From A Bibliography of Alexandre Dumas père by Frank Wild Reed:
     One of Dumas' most attractive minor works. He commences with some fine descriptive passages and reminiscences of his youth at Villers-Cotterets; then, apparently, picks up a popular legend or a tale which had probably been told him in those early days in the forest township. This he elaborates into a long and delightful story. It possesses a supernatural flavour, being a were-wolf tale, differing considerably from the usual style of such. Period 1780.
     Original edition : Paris, Cadot, 3 vols., 8vo., 1857.

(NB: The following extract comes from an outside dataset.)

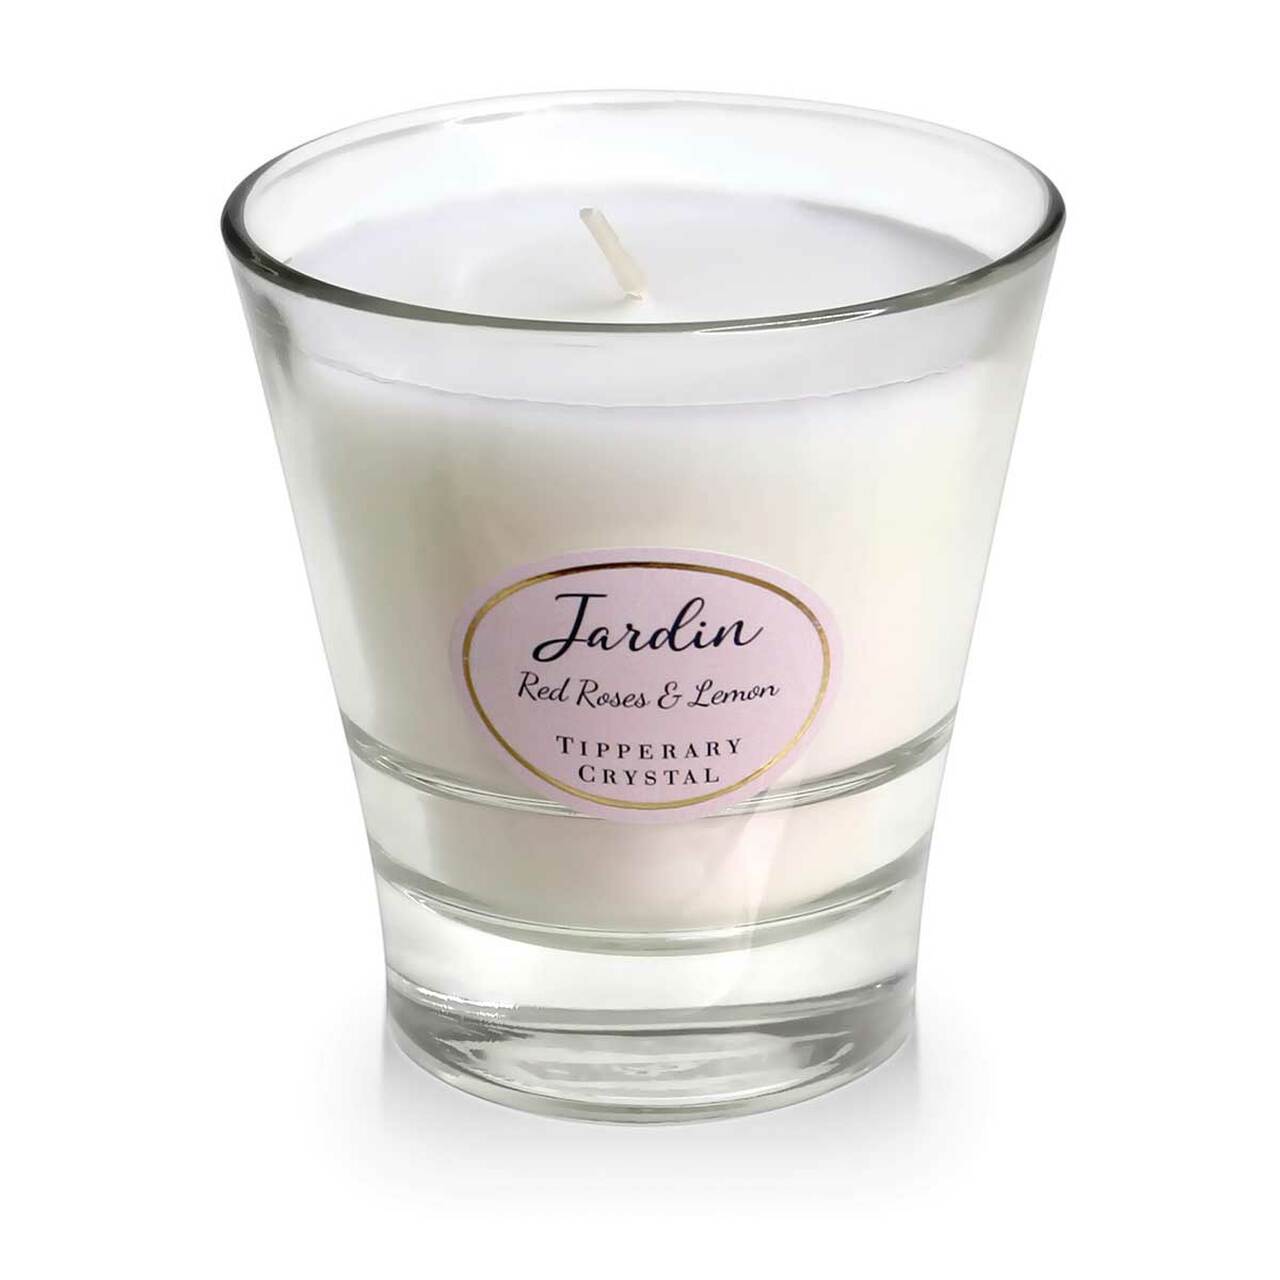 Tipperary Crystal Red Roses & Lemon Jardin Collection Candle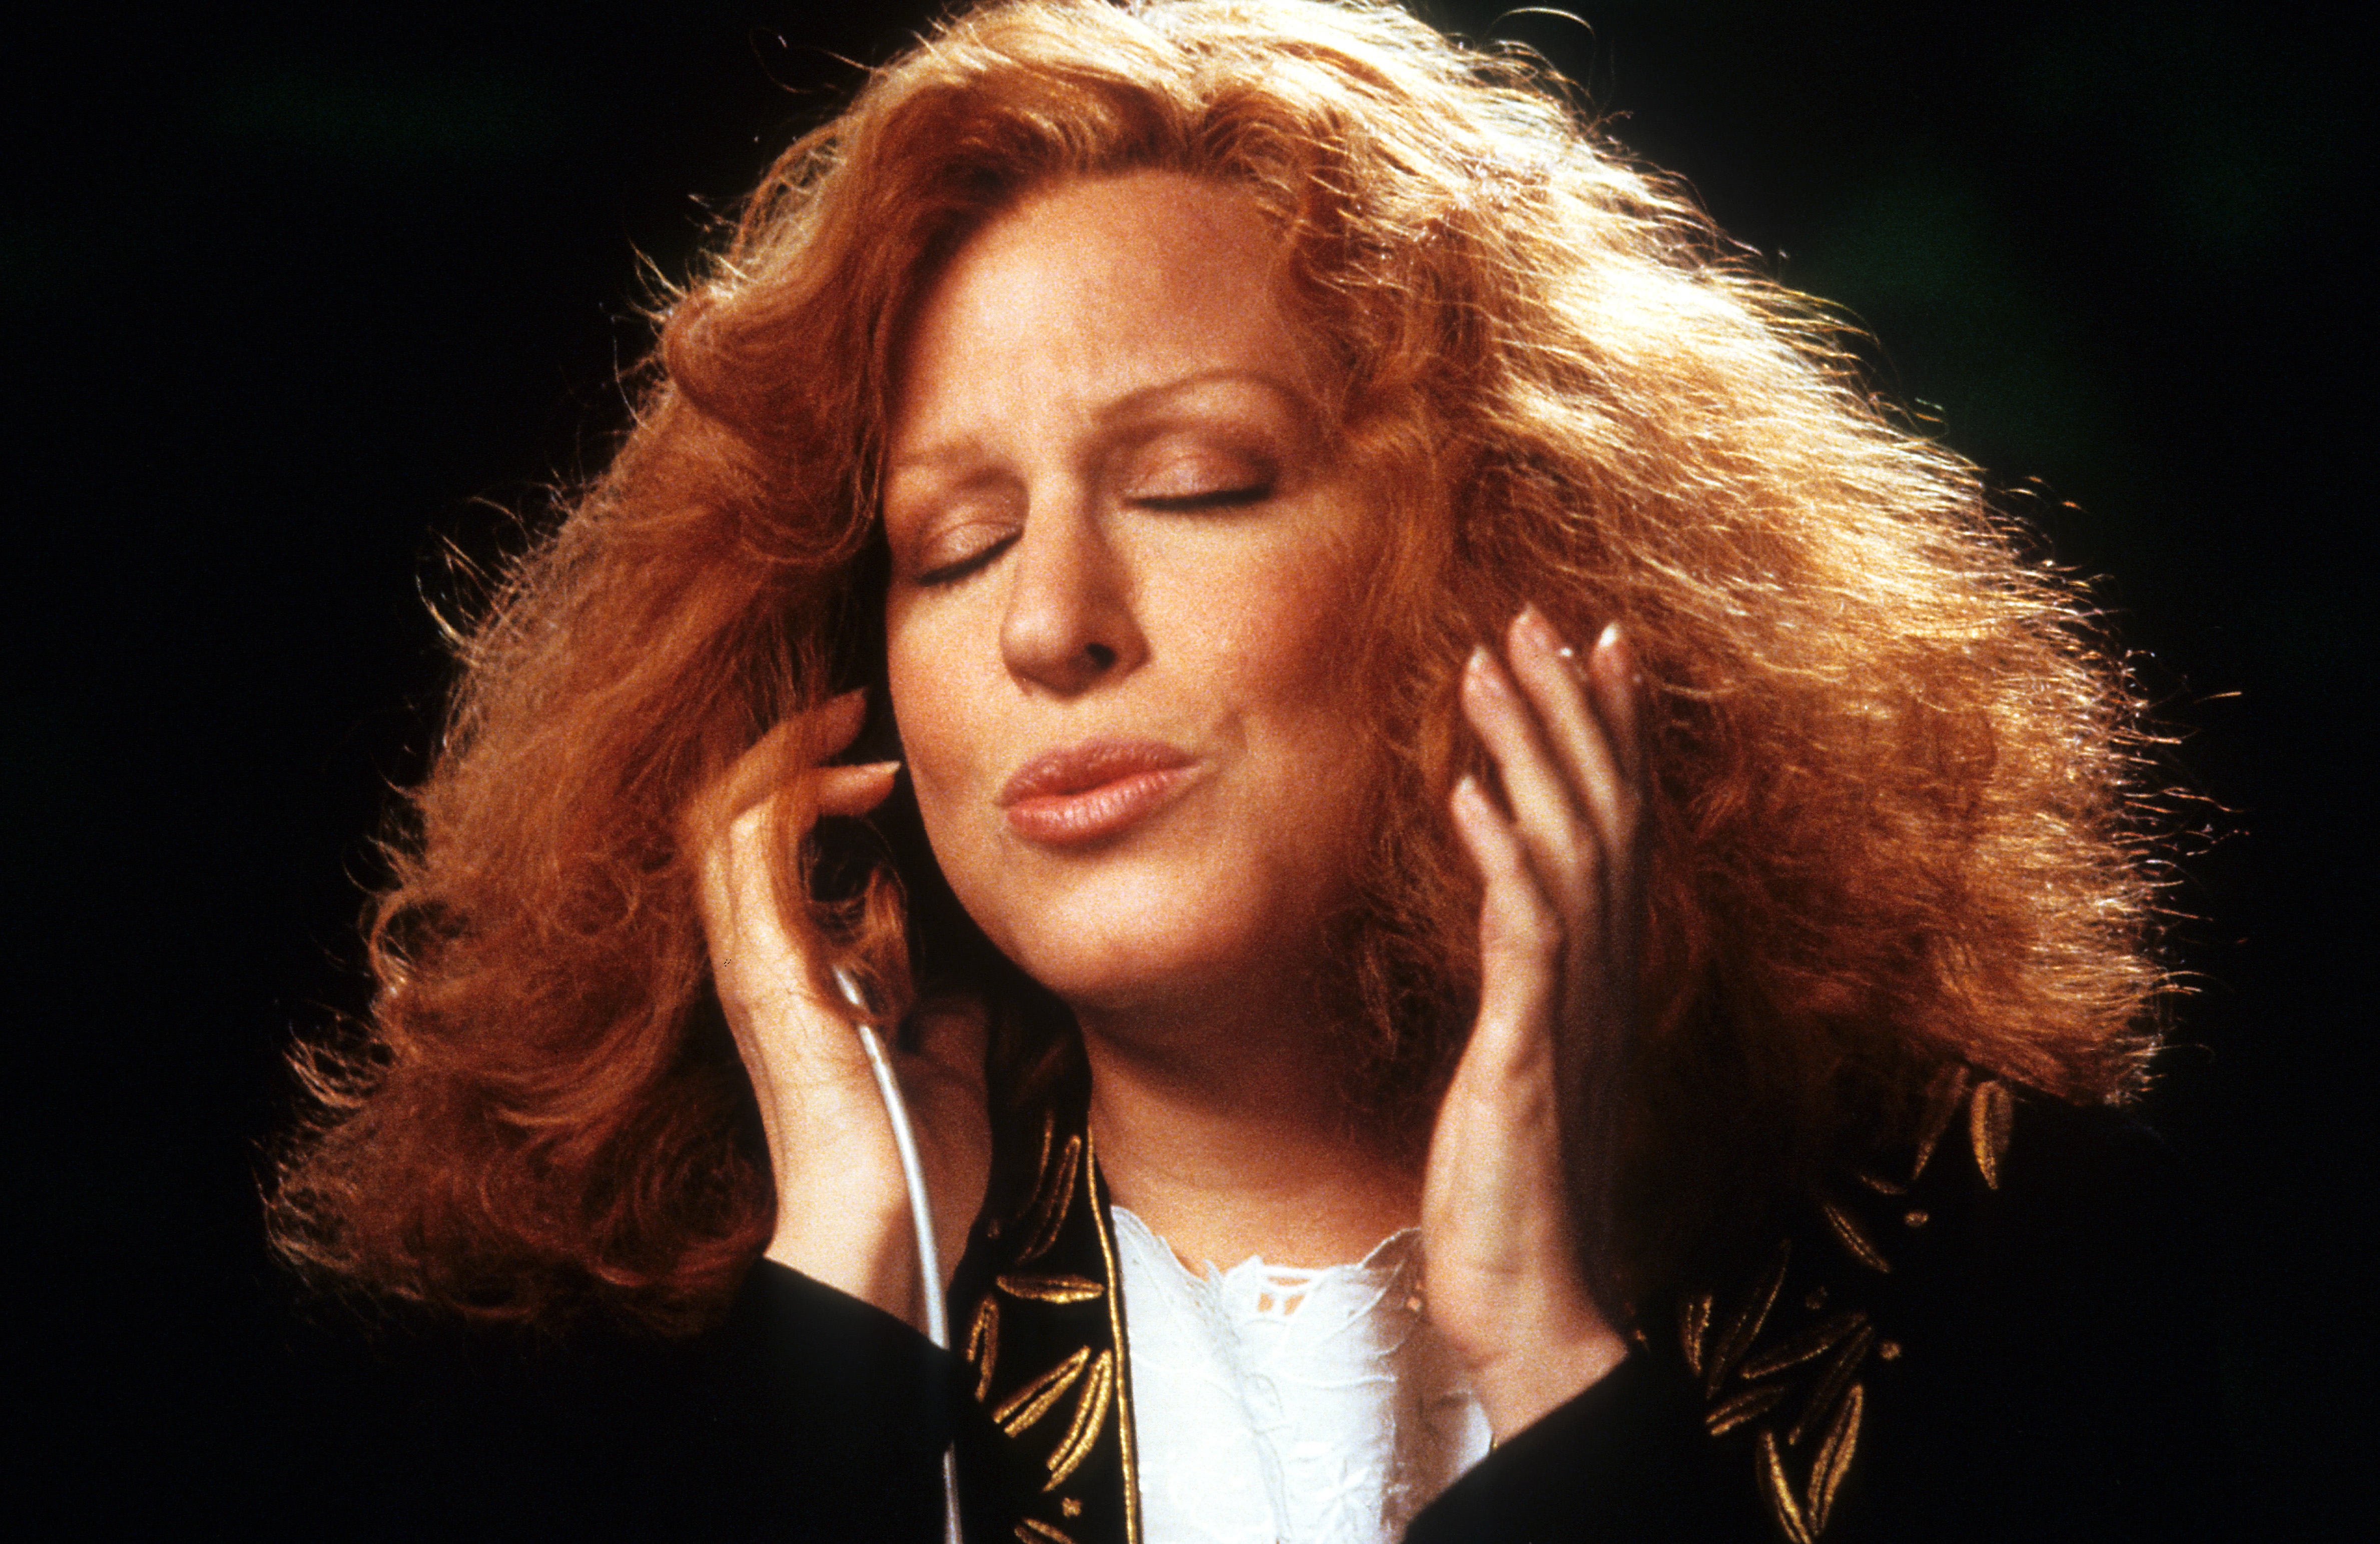 Bette Midler in a scene from the film 'Beaches', 1988 | Source: Getty Images

     It was reprinted in "Le Monte-Cristo," January 26th to April 12th, 1860.
     It now forms one volume in the standard Calmann-Lévy edition, and one in the "Musée Littéraire."
     In Le Vasseur's "Alexandre Dumas Illustré" it is in Vol. XIV.

         References :—
     Glinel: "Alexandre Dumas et Son Œuvre," page 440.
     Parran : "Bibliographie d'Alex. Dumas," page 65.

         English Translation :—
     "The Wolf Leader;" London, Methuen, sewed, 1904. Also an illustrated edition, with coloured plates, 1904, same firm, cloth. Reprinted, same firm, 18mo., 1921.